Because the good news that Mary sings to the world is hardly believable. The proud have been scattered, the powerful brought down from their thrones, the hungry filled with good things, and those who are rich sent away empty. To believe that God was acting like that you’d have to be open to an angel helping you to find the good in what is otherwise troubling news. To believe that God is bringing justice into our world at this time in history you’d have to find it possible to sing praises to God when others think God is already dead. To believe that God is lifting up the poor and the oppressed and bringing down those who think they are on the top of the world, you’d have find it possible for God to meet you in ways and places where others see only the status quo.

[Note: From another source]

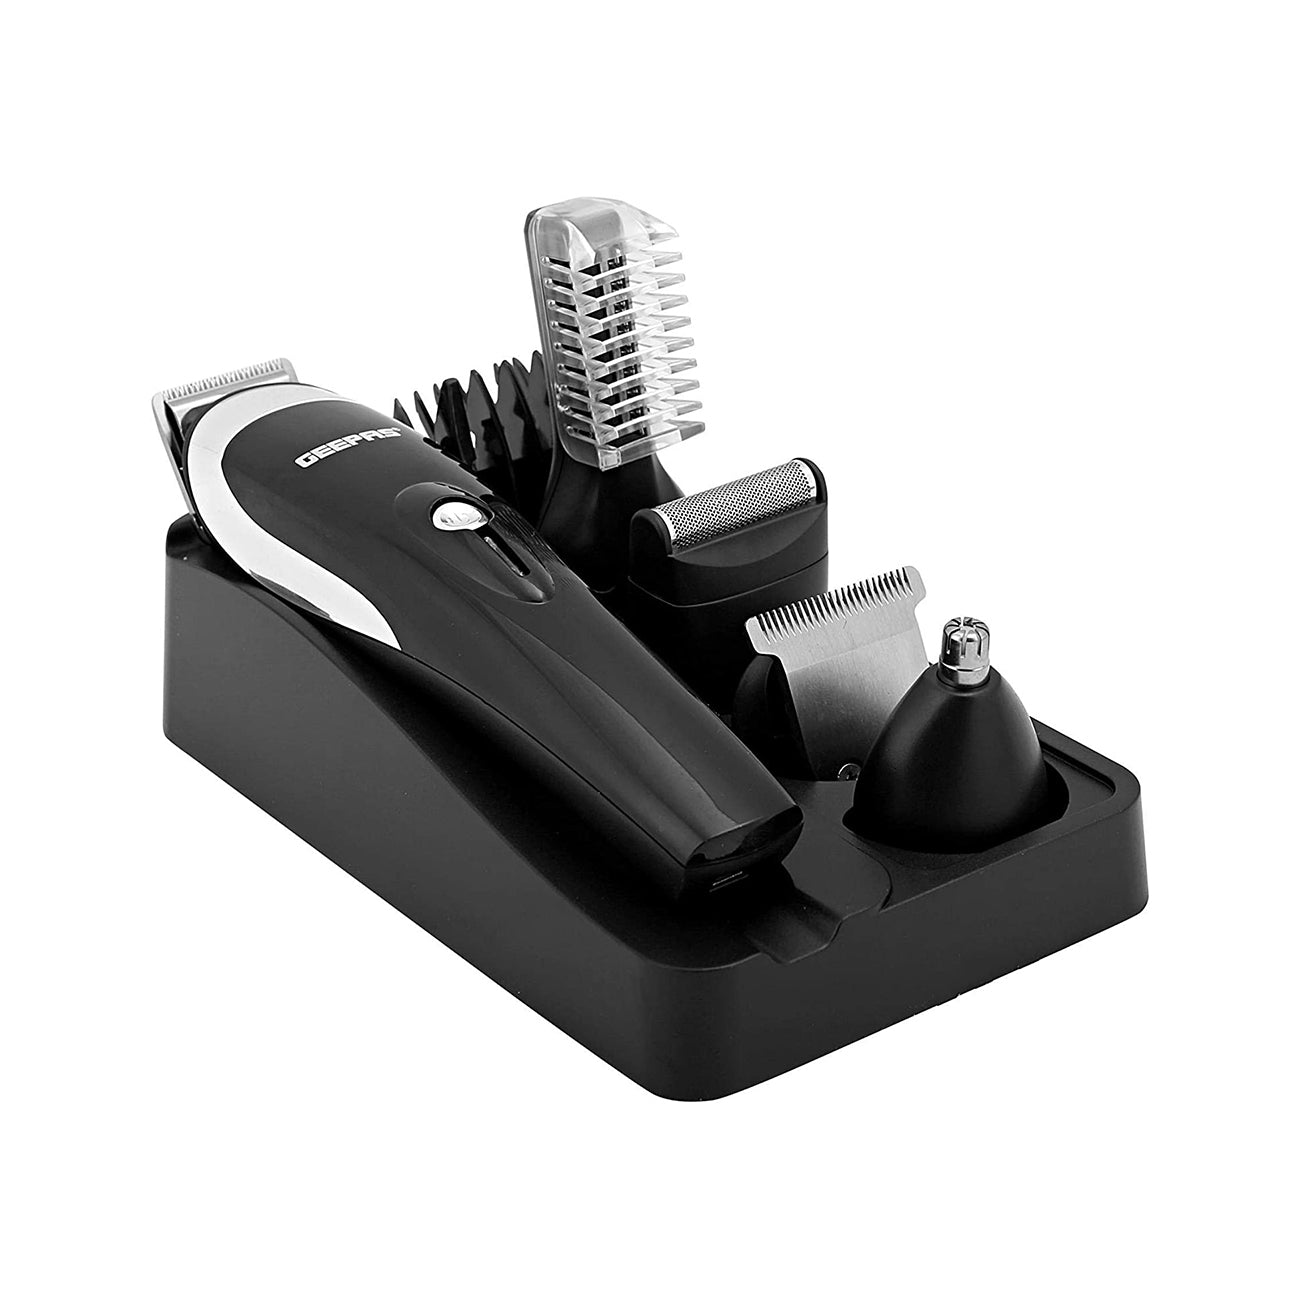 11 In 1 Hair Trimmer - Cordless Hair Clippers, Grooming Kit With Stand, LED Indicators | Trimming Kit With 5 Interchangeable Heads For Shaving, Detailing, Grooming Beards, Mustaches, Stubble, Nose And Body
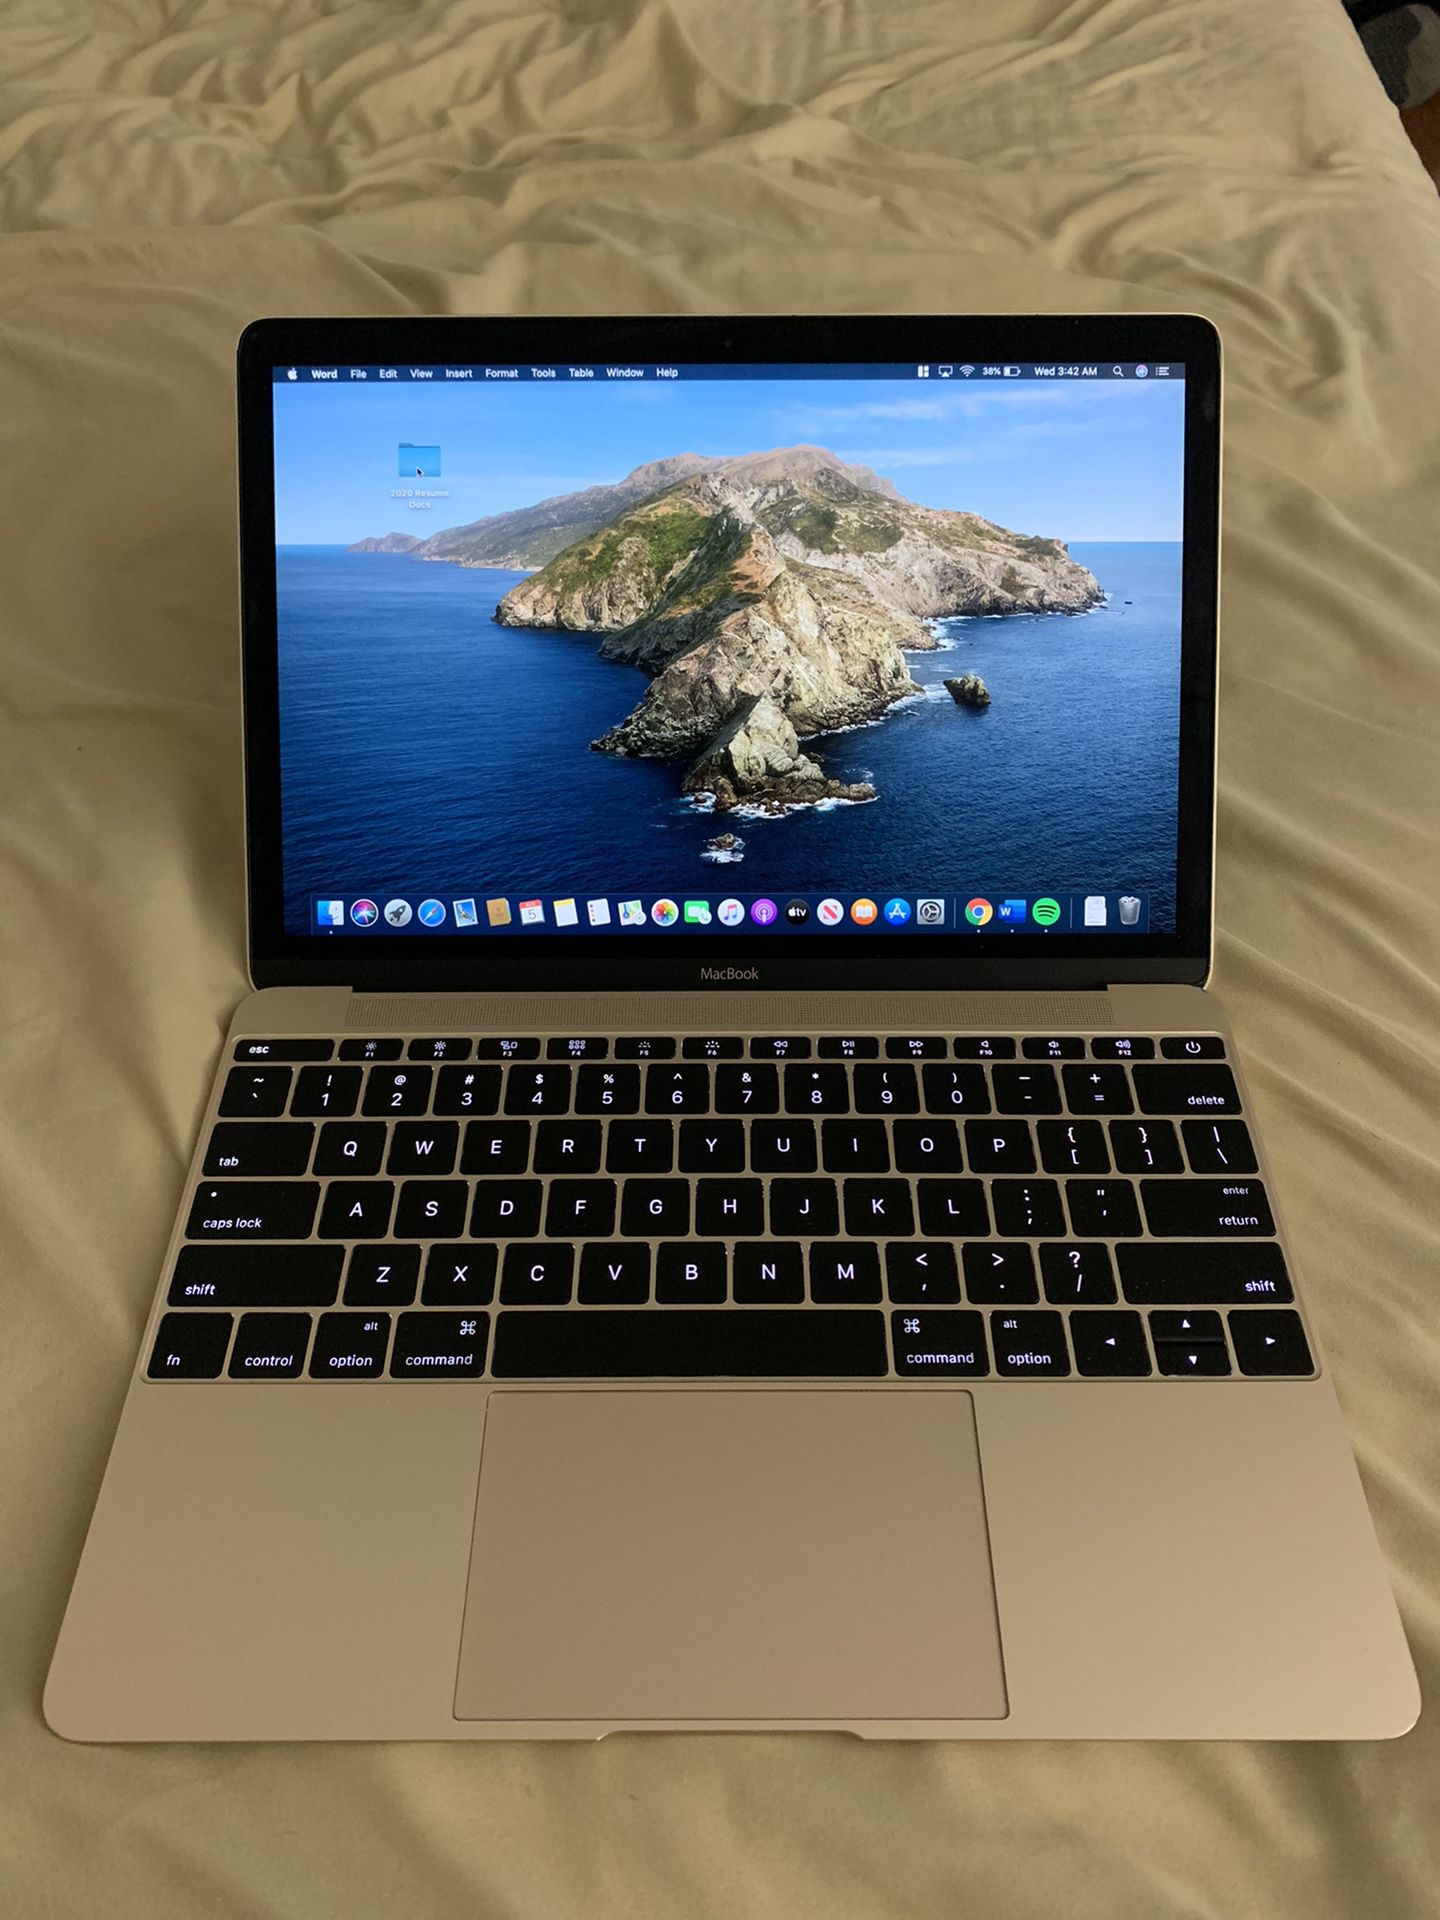 MacBook Rose Gold 12 inch 250GB of Storage. Still available!!

The news that God brings is hardly believable. On Wednesday I begrudgingly went to the meeting of the Health Services Cost Review Commission. It was my second time. Following the unrest, Johns Hopkins led a group of hospitals who proposed a plan to create 1000 community health worker jobs, targeting our most distressed communities. To fund the jobs, the hospitals proposed a slight increase in the hospital reimbursement rates. A quarter for every hundred dollars of reimbursement. But the Care First CEO opposed the deal and wouldn’t meet to discuss alternatives. And the staff of the Commission thought it was an interesting plan but a little too aggressive for their mandate. They wanted to play it safe. It looked unlikely that the plan would go forward.

I had prepared our team not to expect a favorable outcome. It was unlikely that a group of mostly unemployed or just recently employed ex-offenders alongside some church folk and their clergy could overcome opposition from an insurance company sitting on a billion dollars of reserves. It just wasn’t believable. “I’ve been moved by the stories,” one commissioner began. I leaned over to a leader and finished the commissioner’s sentence in a whisper, “I’ve been moved by the stories, BUT I’m not going to do anything to change them.”

Then an amazing thing happened. A commissioner spoke up and said, “I know the staff doesn’t think we should be aggressive, but these are unprecedented times.” Another added, “History shows that in times of crisis, nothing changes without bold leadership.” “I know we can’t fix everything,” one commissioner said “but we can do something, and we should do something.” Pretty soon a compromise was being offered. The rate would be adjusted less than requested and hospitals would be asked to pay more, but at the end of the day 375 new living wage jobs would be made a possibility for residents of Baltimore’s most distressed neighborhoods. Despite my lack of faith, this was going to happen. My mind wandered to Mary’s song – “God’s mercy is for those who fear him from generation to generation.”   I watched the reporters scribbling furiously to get down this sudden change of heart. “I whispered to the reporter sitting next to me, ‘I think you just made the front page!’” “You have shown strength with your arm, O God; you have scattered the proud in their conceit.” I looked over and saw the Care First spokesperson texting furiously probably to his boss who had argued by letter that he had no responsibility in this matter. “God has brought down the powerful from their thrones, and raised the lowly to high places; You have filled the hungry with good things, and sent the rich away empty.” The commissioners took a vote – it was unanimous.   “God has come to the aid of Israel, your servant, mindful of your mercy, according to the promise you made to our ancestors, to Sarah and Abraham and their descendants forever.”

God is at work turning the world upside down, but it’s hard to entertain that possibility with a mature, risk limiting brain. It’s hard to hear words from God’s messengers when you’ve already decided they don’t exist. You need the gift of a teenage brain, open to possibilities, able to entertain possibilities, to recognize the good that can come out of troubling news. To recognize God’s messengers when they come to us promising change that evens the scales, that brings hope where they was none, that promises joy to the world through the Lord who has and is to come.